Every line of the material is to be returned verbatim. Pictures stay out.

* Collected material *
------------------------------------------------------------------------
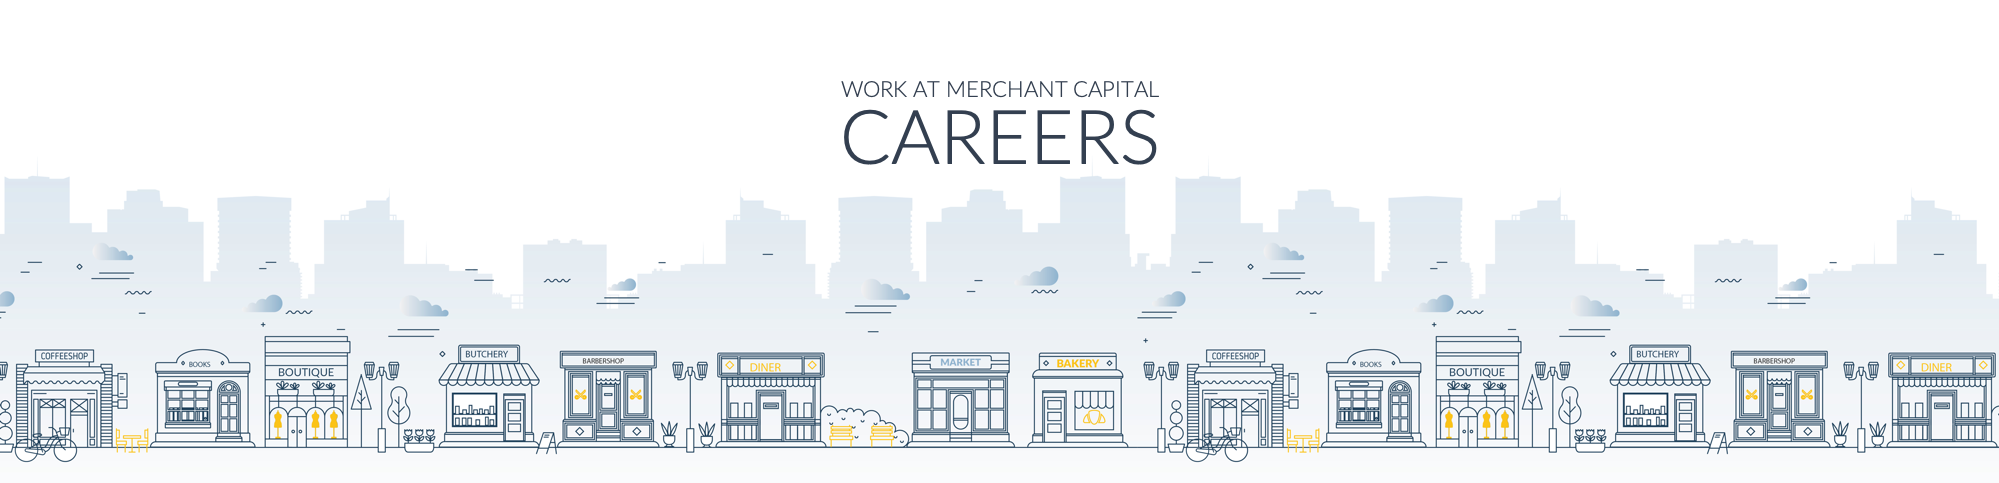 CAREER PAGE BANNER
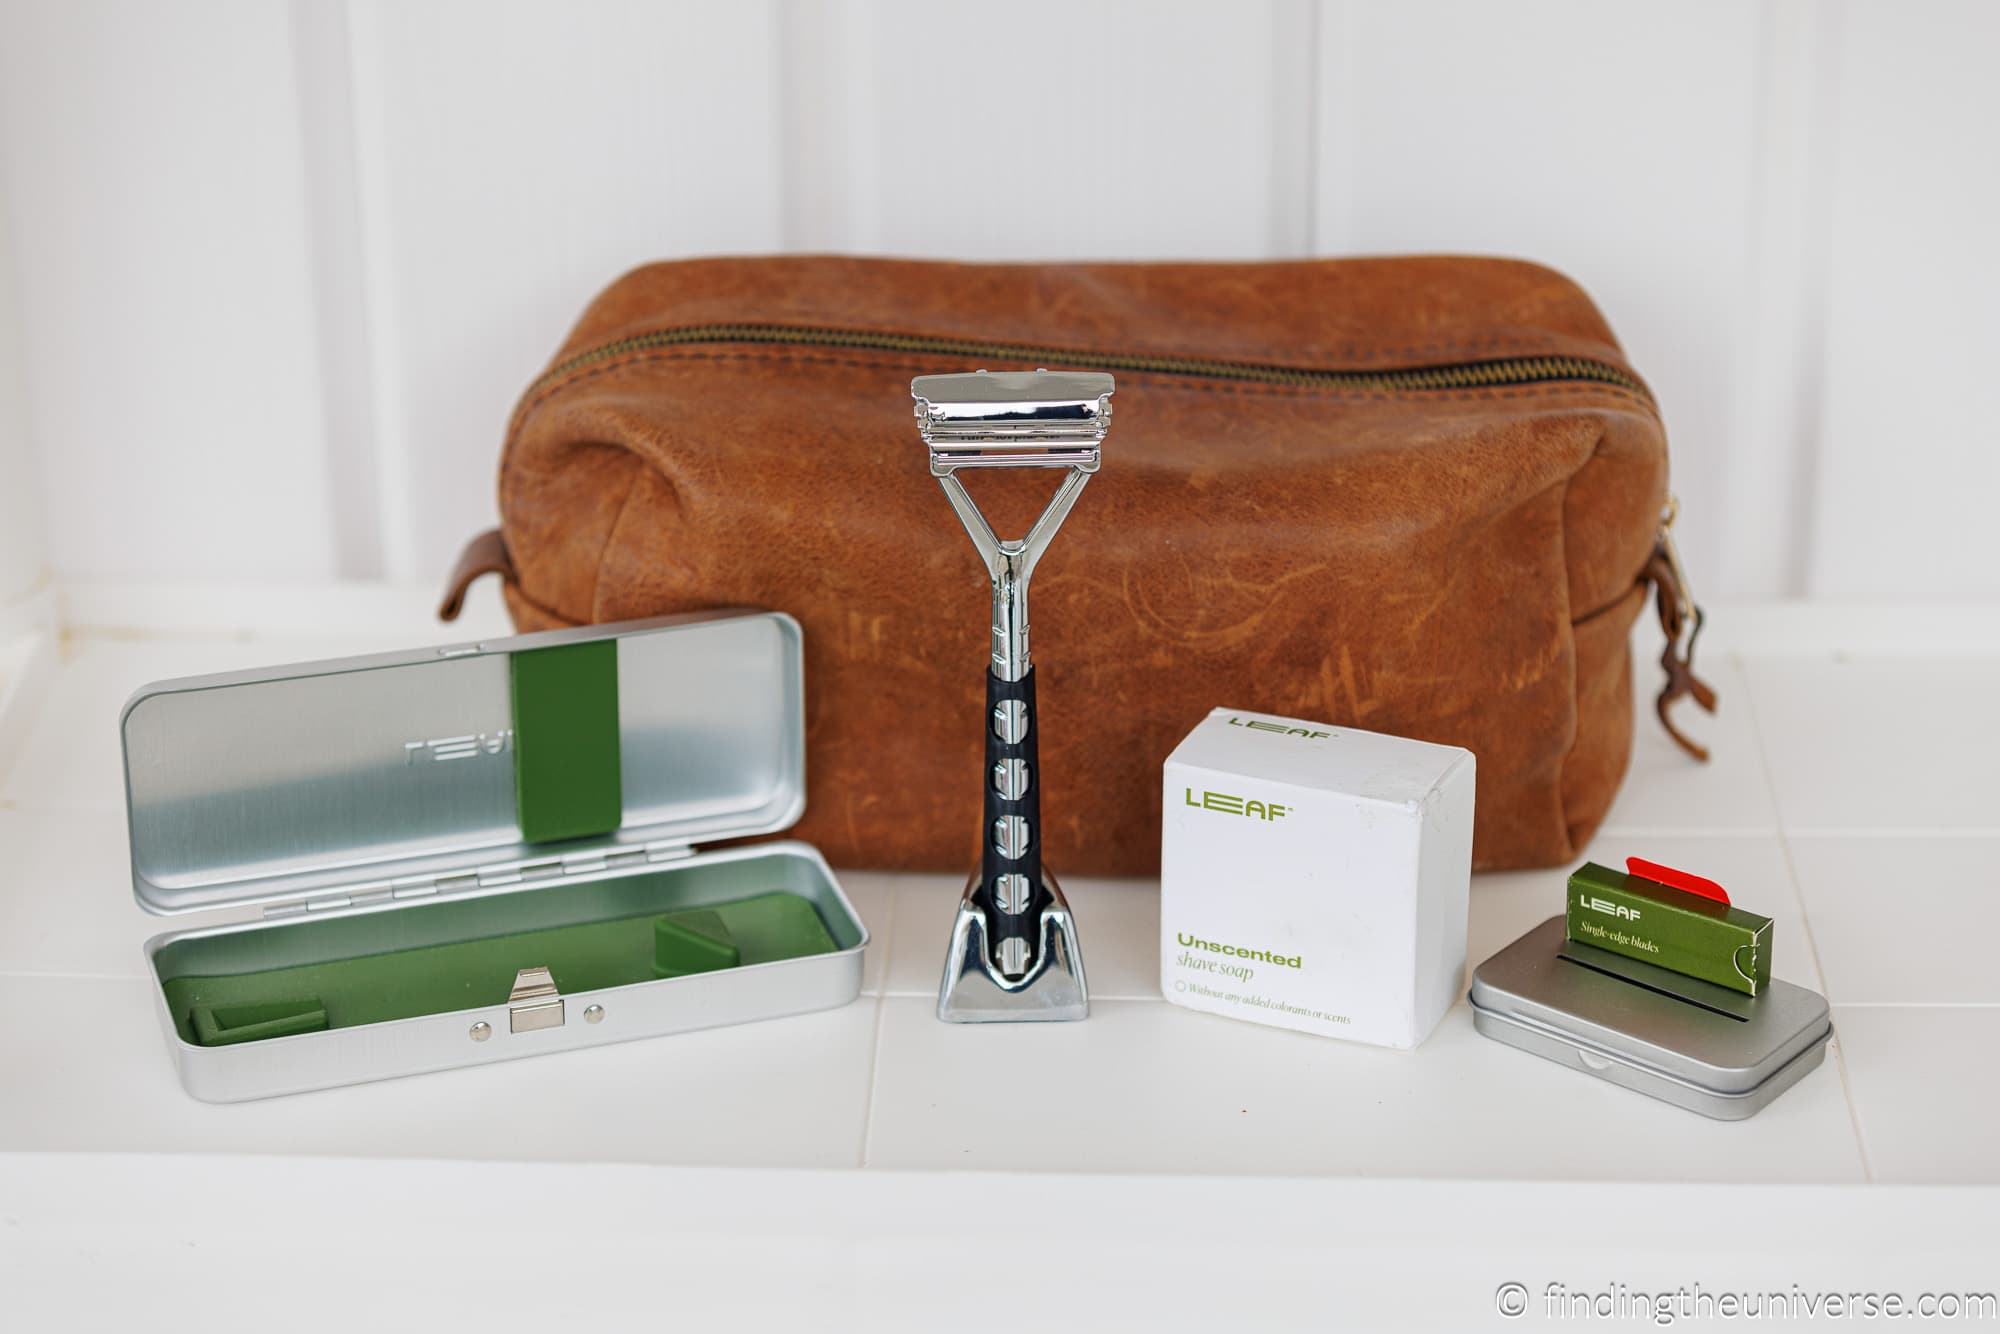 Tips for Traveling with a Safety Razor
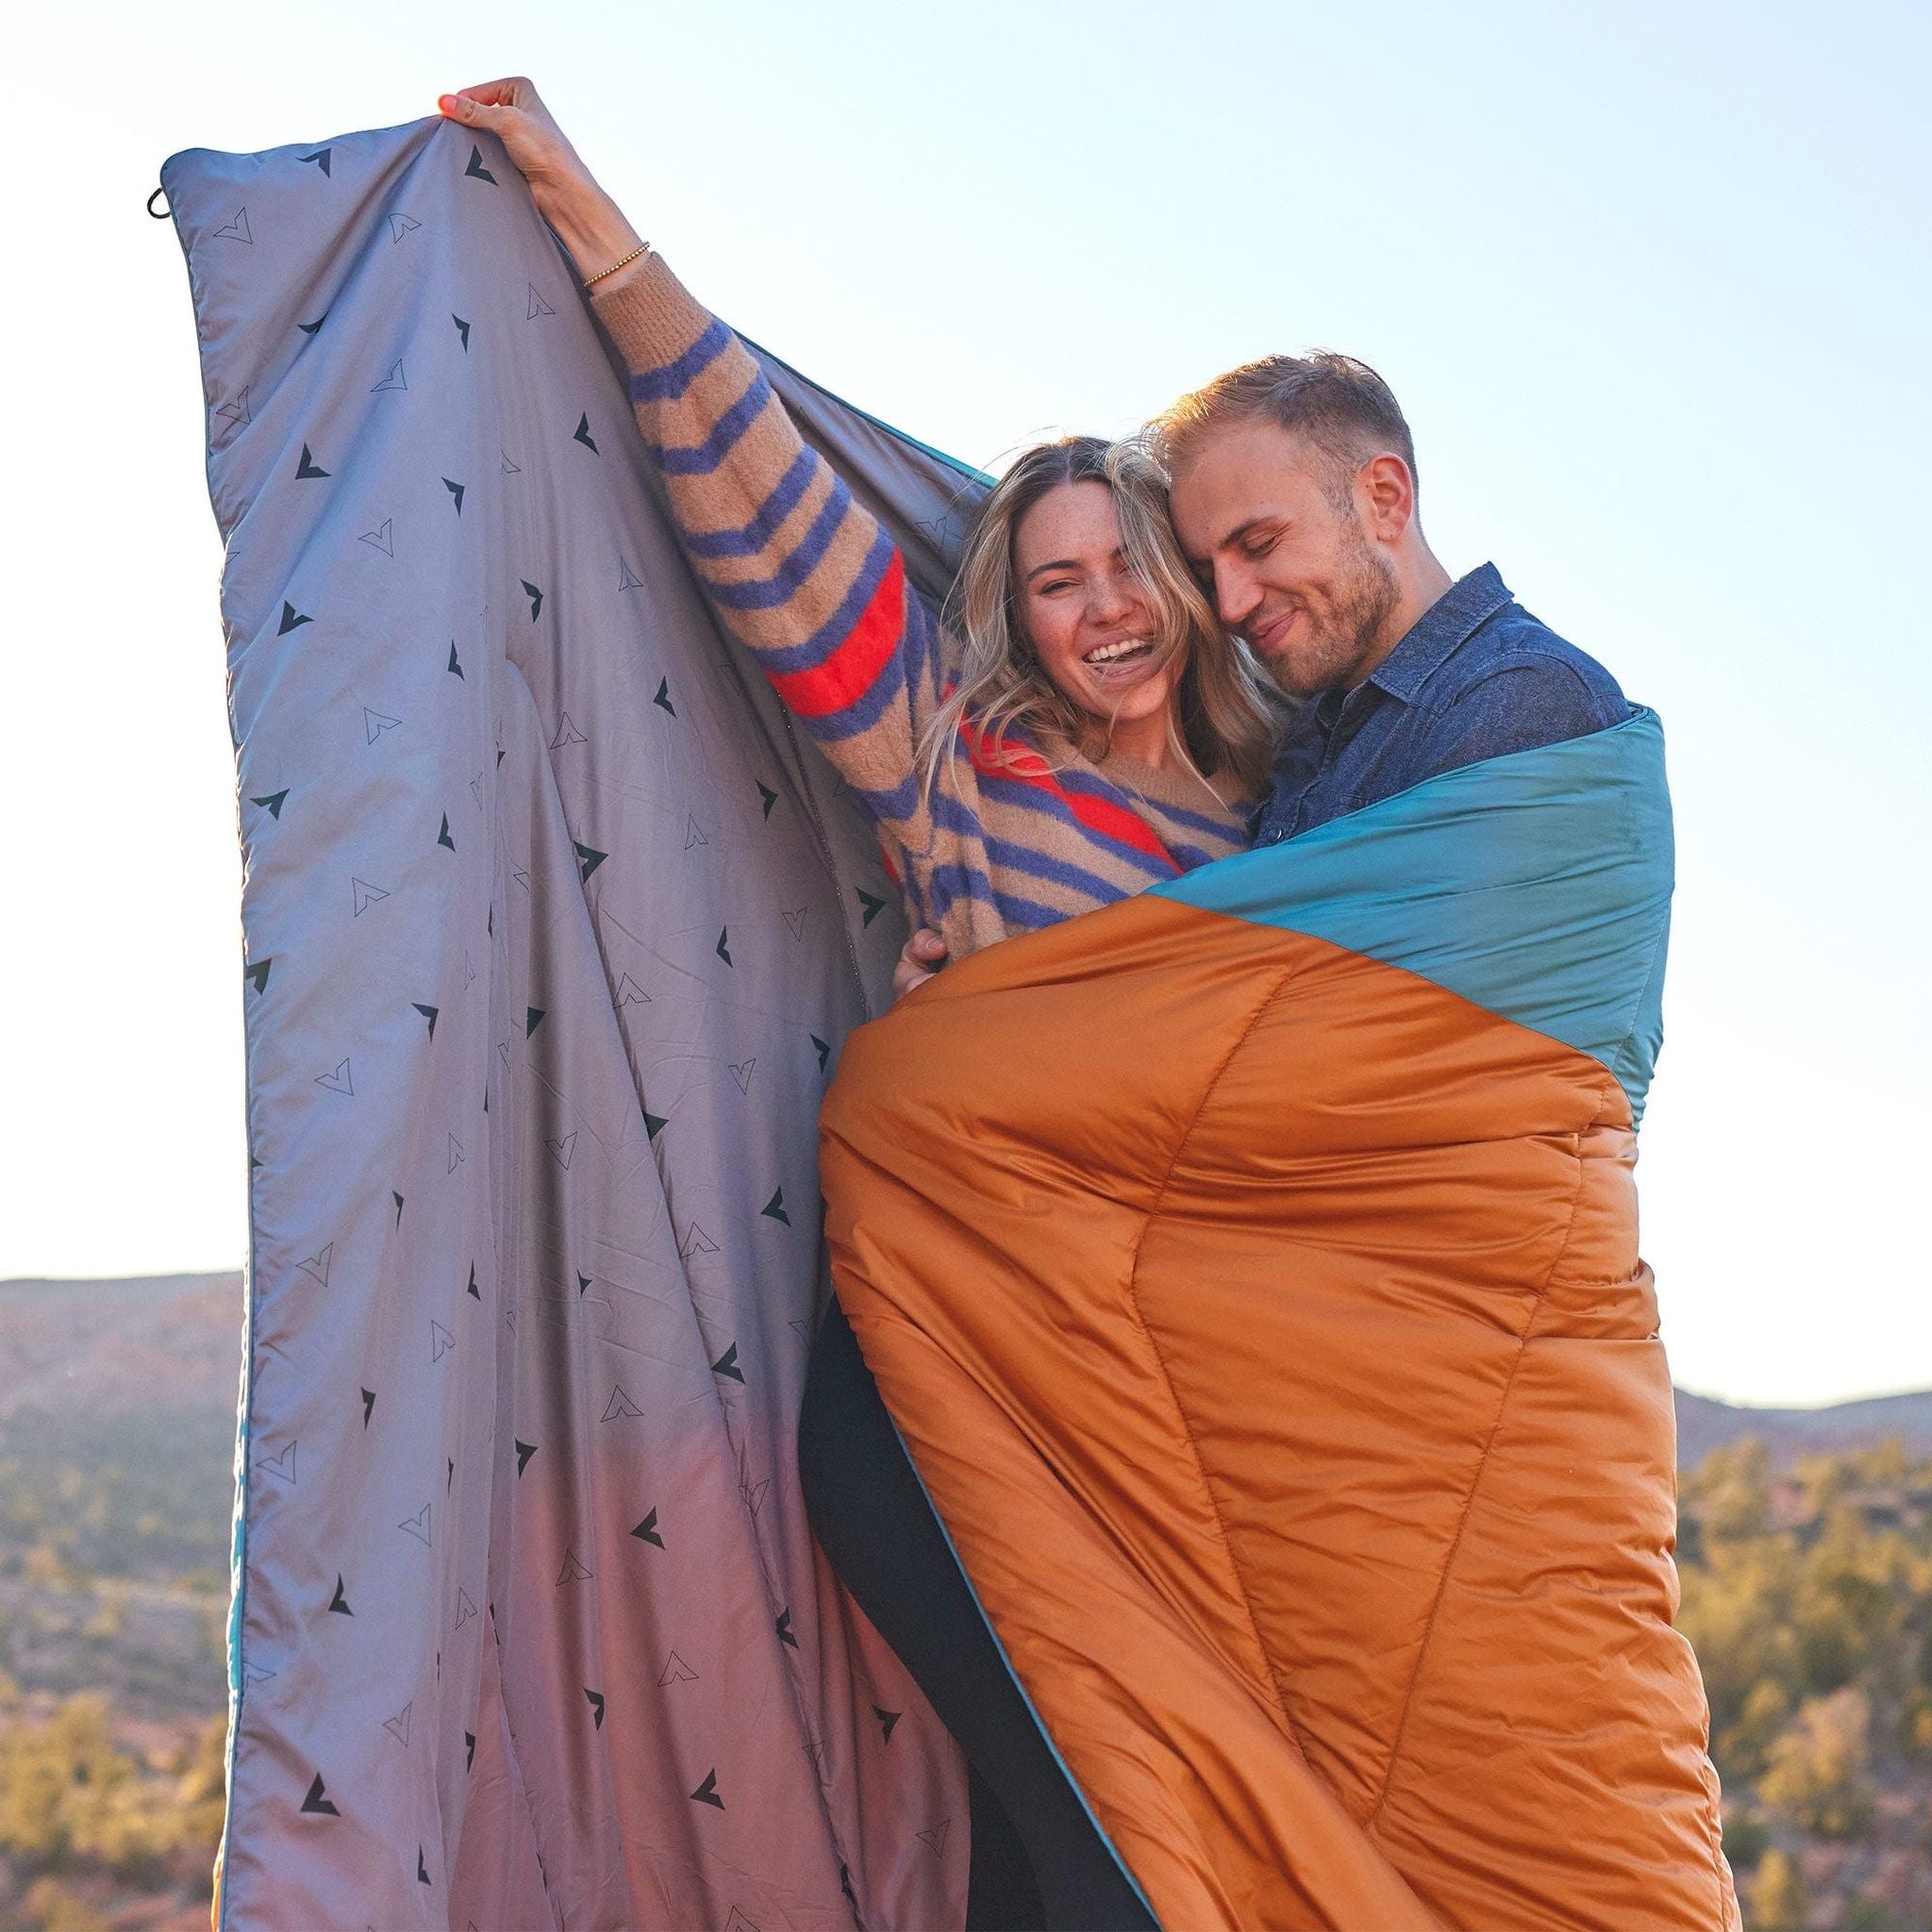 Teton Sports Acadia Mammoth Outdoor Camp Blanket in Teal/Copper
------------------------------------------------------------------------
* Reply *
 CAREER PAGE BANNER
 Tips for Traveling with a Safety Razor
 Teton Sports Acadia Mammoth Outdoor Camp Blanket in Teal/Copper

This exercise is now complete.